NuNano, a spin-off company from Bristol University, specialises in the design and manufacture of probes for atomic force microscopy and cantilever-based sensor devices. It is the only UK manufacturer of atomic force microscope (AFM) probes and has unique expertise in manufacturing sharp and durable silicon AFM probes. NuNano approached NPL to measure the thickness of metallic layers on the probes and check their suitability for electrical measurements. This was a challenging and important problem as the shape of the probe’s tip leads to a non-uniform thickness at the apex, non-linear degradation and biased electrical performance.

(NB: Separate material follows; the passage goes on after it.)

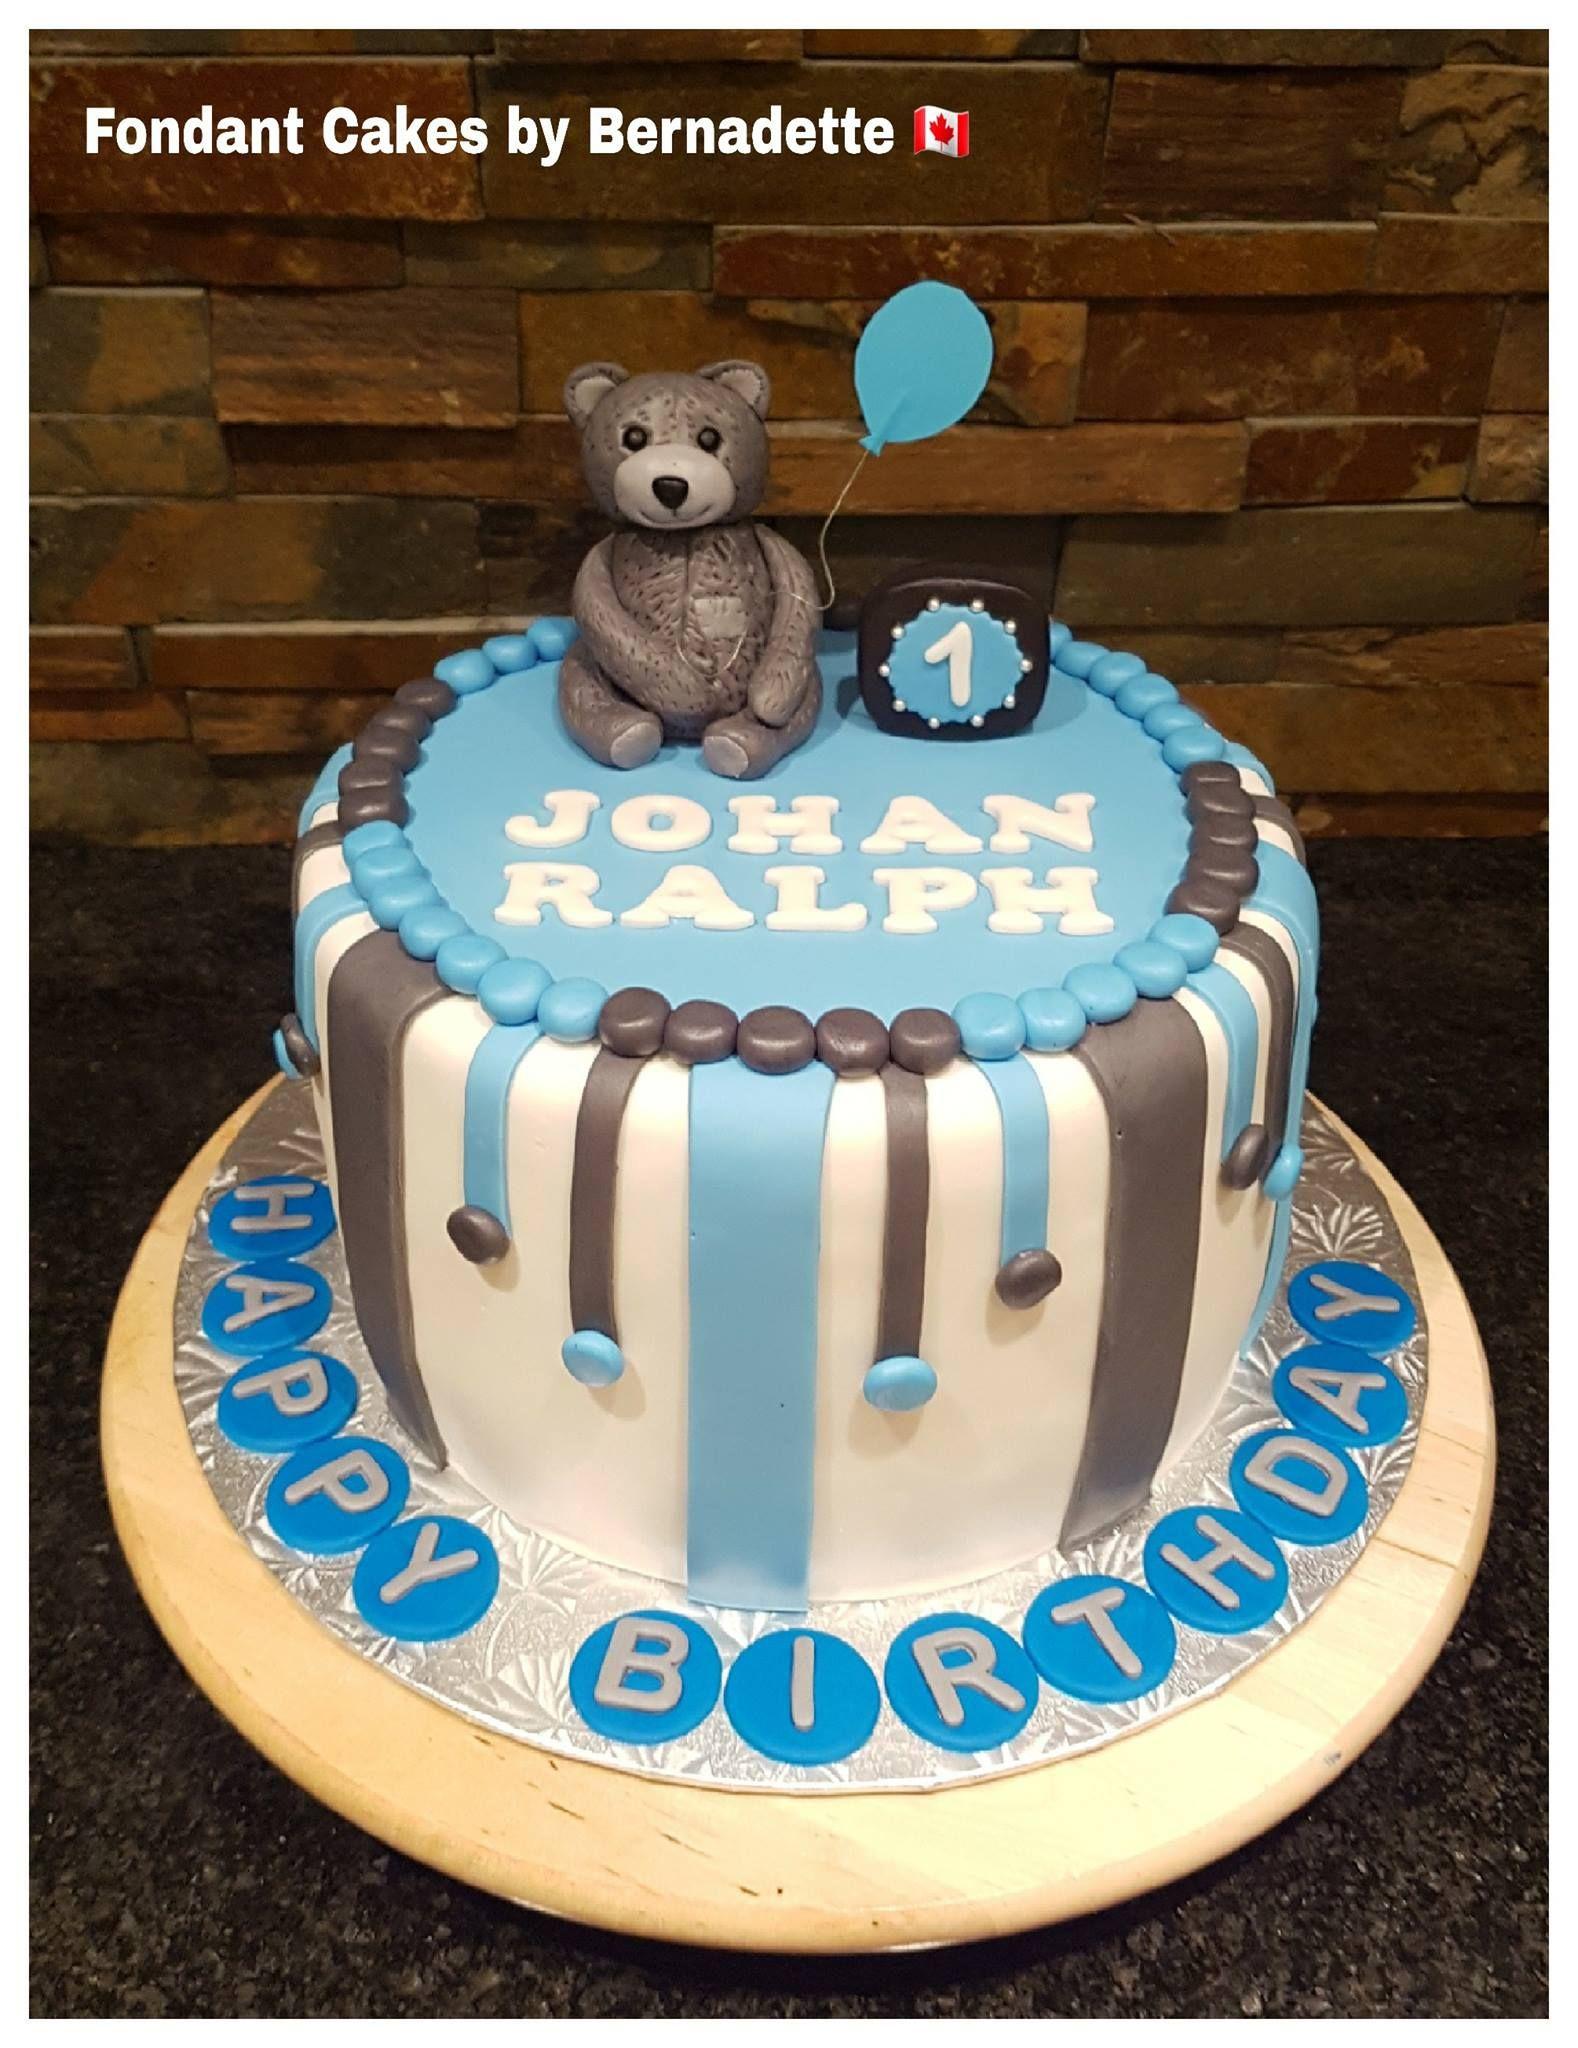 Johan Ralphs Birthday Cake My Creations Pinterest Birthday

NuNano were awarded InnovateUK funding through the Analysis for Innovators scheme to work with NPL to improve characterisation of metallic coated AFM probes for nanoscale electrical characterisation. These probes were a new product that NuNano were about to launch.

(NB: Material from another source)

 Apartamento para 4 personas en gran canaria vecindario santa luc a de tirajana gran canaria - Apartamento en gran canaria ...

NPL performed chemical and thickness analysis of thin films and probes fabricated by NuNano, including cross sections of coated probes using focused ion milling and scanning electron microscopy. The analysis revealed that the deposition of the materials on the probes was not always uniform in thickness or adhesion. NuNano used this information to adjust their deposition system, which in turn reduced wastage in the manufacturing process.
Measuring the electrical performance was an even more challenging problem. There were no agreed methods or standards for calibrating conductive AFM probes for electrical measurements, and each laboratory used a different approach. The most commonly used electrical mode is called Kelvin-probe force microscopy (KPFM), which measures the contact potential difference between the probe and the sample. NPL created a calibration protocol that involved several reference samples, application of voltage to the samples and annealing in a vacuum. By consolidating many good practices, NPL developed an appropriate method for NuNano as well as a protocol to compare the performance of several different probes.

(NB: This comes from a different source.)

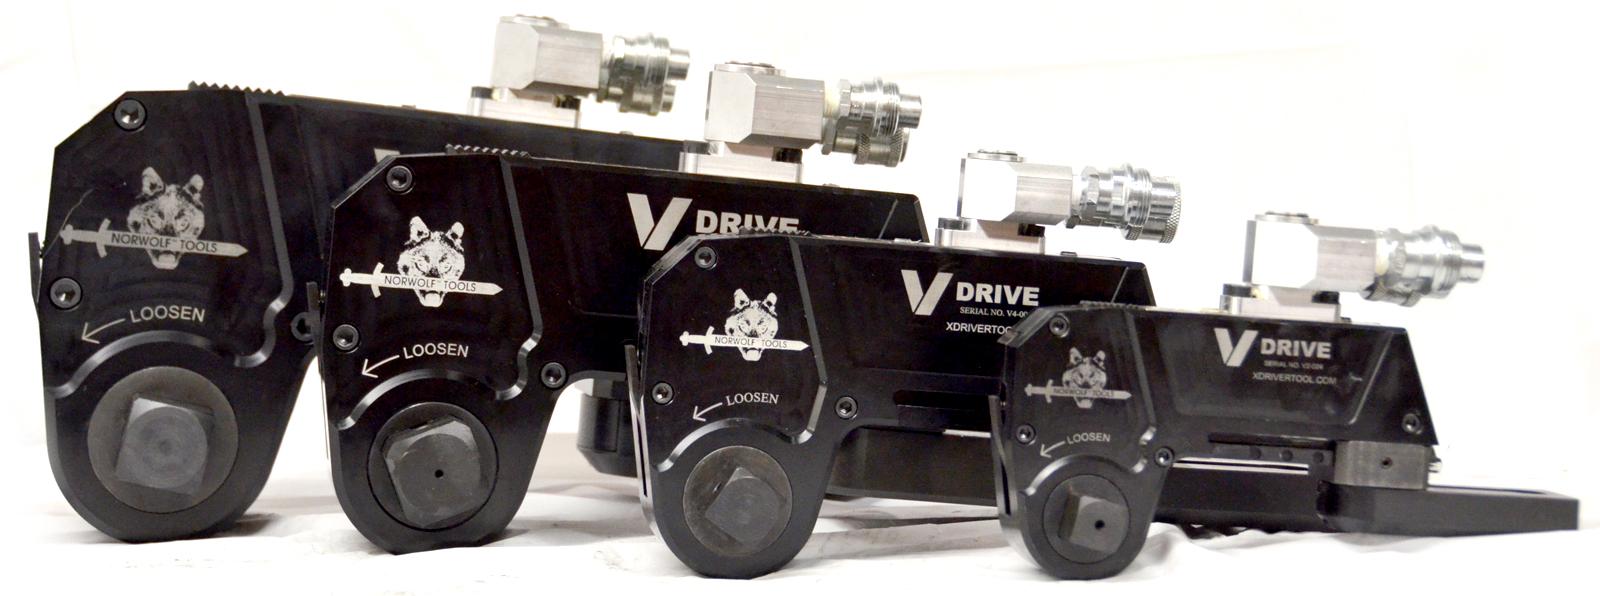 V-Drives-hdr1

This project has resulted in NuNano being able to optimise their manufacturing processes for AFM probes and reduce wastage. It has also helped them to develop and launch a product that was far superior than their original plans. At the successful closure of the project the protocol and its outcome have been published in the Journal of Physics Communications to benefit a wider audience.
NuNano and NPL have continued to work together via NPL’s Measurement for Recovery programme and crucially this research is being continued through NPL’s participation in VAMAS inter-lab comparisons of Kelvin-probe force microscopy (KPFM) calibration.
Charles Clifford, the lead scientist sums up the work: “It’s very pleasing to be able to use NPLs expertise in AFM and nanoscale measurement and characterisation in order to support and help NuNano as the only UK AFM probe manufacturer.”
Héctor Corte, a higher research scientist at NPL, explained: “When there isn’t a standard to provide guidance on how to perform a measurement, it is always difficult to be sure if the outcome of a measurement will provide a useful result. The fact that both Charles and I work on standardisation of nanotechnology, and good communication with the company, helped navigate this problem and obtain a solution that helped the company.”